One thing cannot be denied: Lit-bloggers are the avant-garde of 21st-century publicity. They represent a perfection of the outsourcing ethos of contemporary capitalism. The savvy readers of our age are already suspicious of advertising from above, from the cartel of publishers, weekly book reviews, and entertainment-industry executives. So why should publishers pay publicists and advertise in book supplements when a community of native agents exist who will perform the same service for nothing and with an aura of indie cred? In addition to free advance copies, the blogger gets some recognition: from the big houses, and from fellow bloggers. Recognition is also measured in the number of hits—by their clicks you shall know them—and by the people who bother to respond to your posts with subposts of their own. The lit-bloggers become a self-sustaining community, minutemen ready to rise up in defense of their niches. So it is when people have only their precarious self-respect. But responses—fillips of contempt, wet kisses—aren’t criticism. They can only reinforce, they can never change another person’s point of view. So much typing, so little communication . . . It’s incredible. A bottomless labor market exists in which the free activity of the mind gets bartered away for something even less nourishing than a bowl of porridge. And you can’t dine off your inflated self-respect and popularity—not unless you get enough hits to sell advertising.

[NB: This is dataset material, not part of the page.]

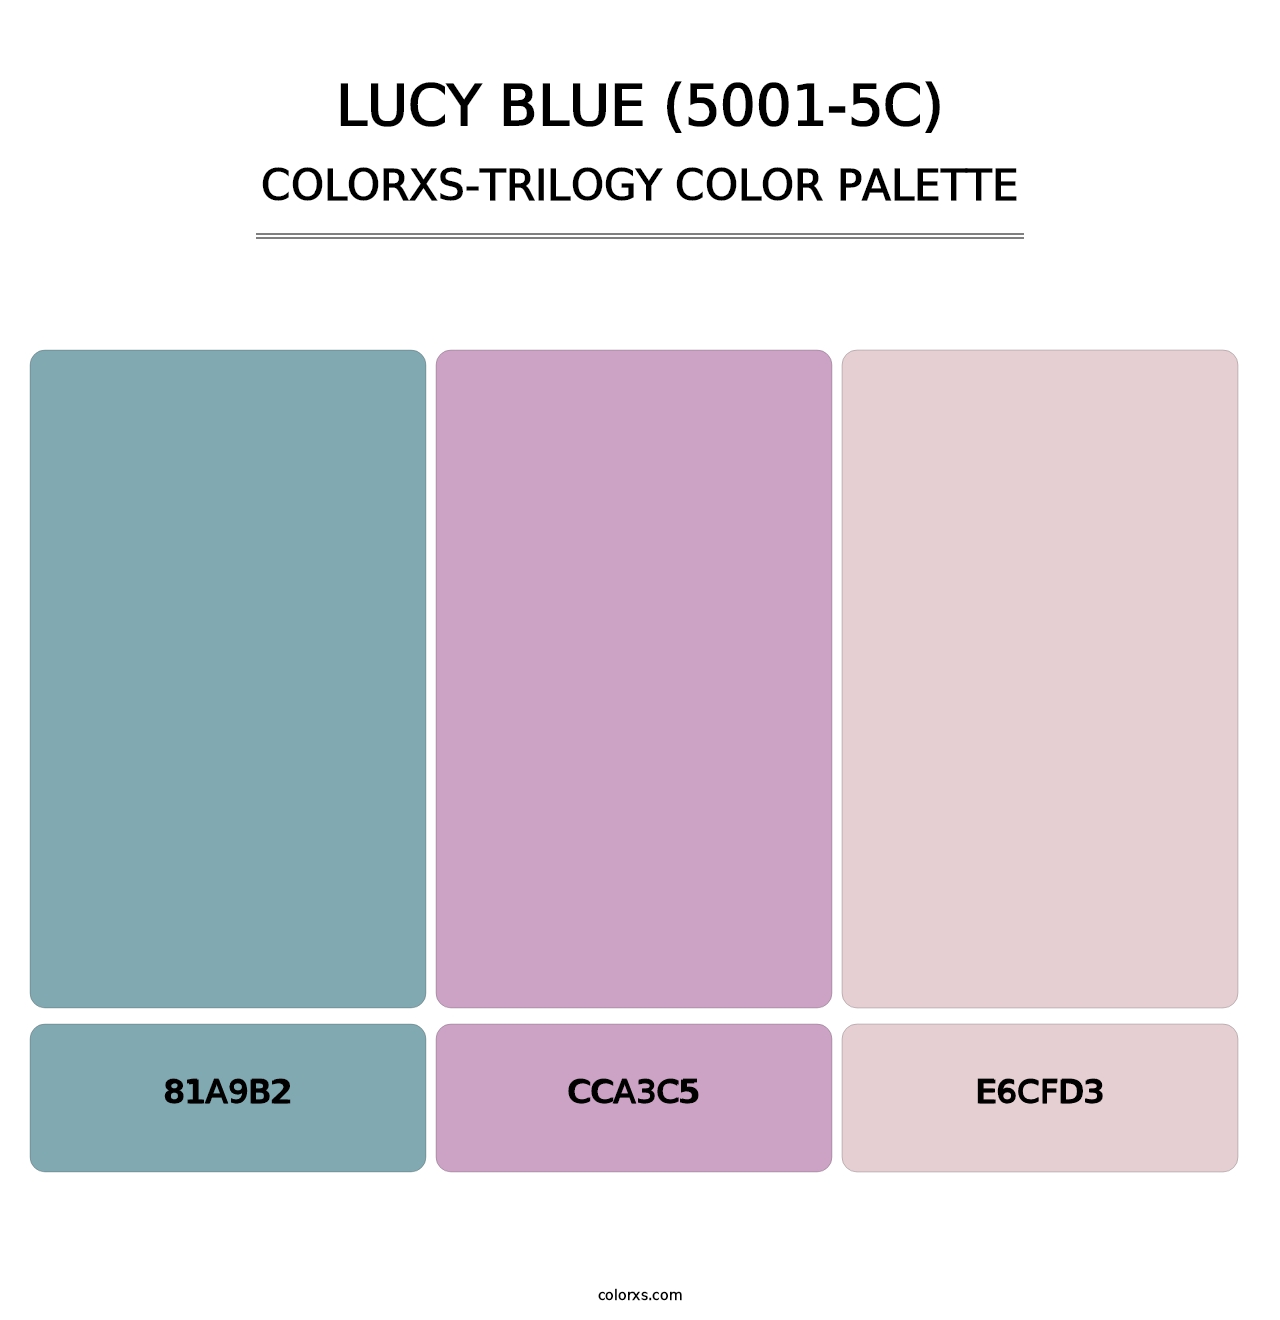 Lucy Blue (5001-5C) - Colorxs Trilogy Palette

The revolutionary has left behind a pamphlet. Opening up the cheaply inked pages, blackening our fingers, we figure it will contain the usual articles on Chiapas and a “police riot” in Detroit. Instead, it’s one lingerie-clad model after another, plus hung studs in banana hammocks, in advertisements absent a single phone number or in-call/out-call promise—but all with web addresses. So this is how our modern Bakunin hopes to speed the poison along. We’re not sure it’s going to work.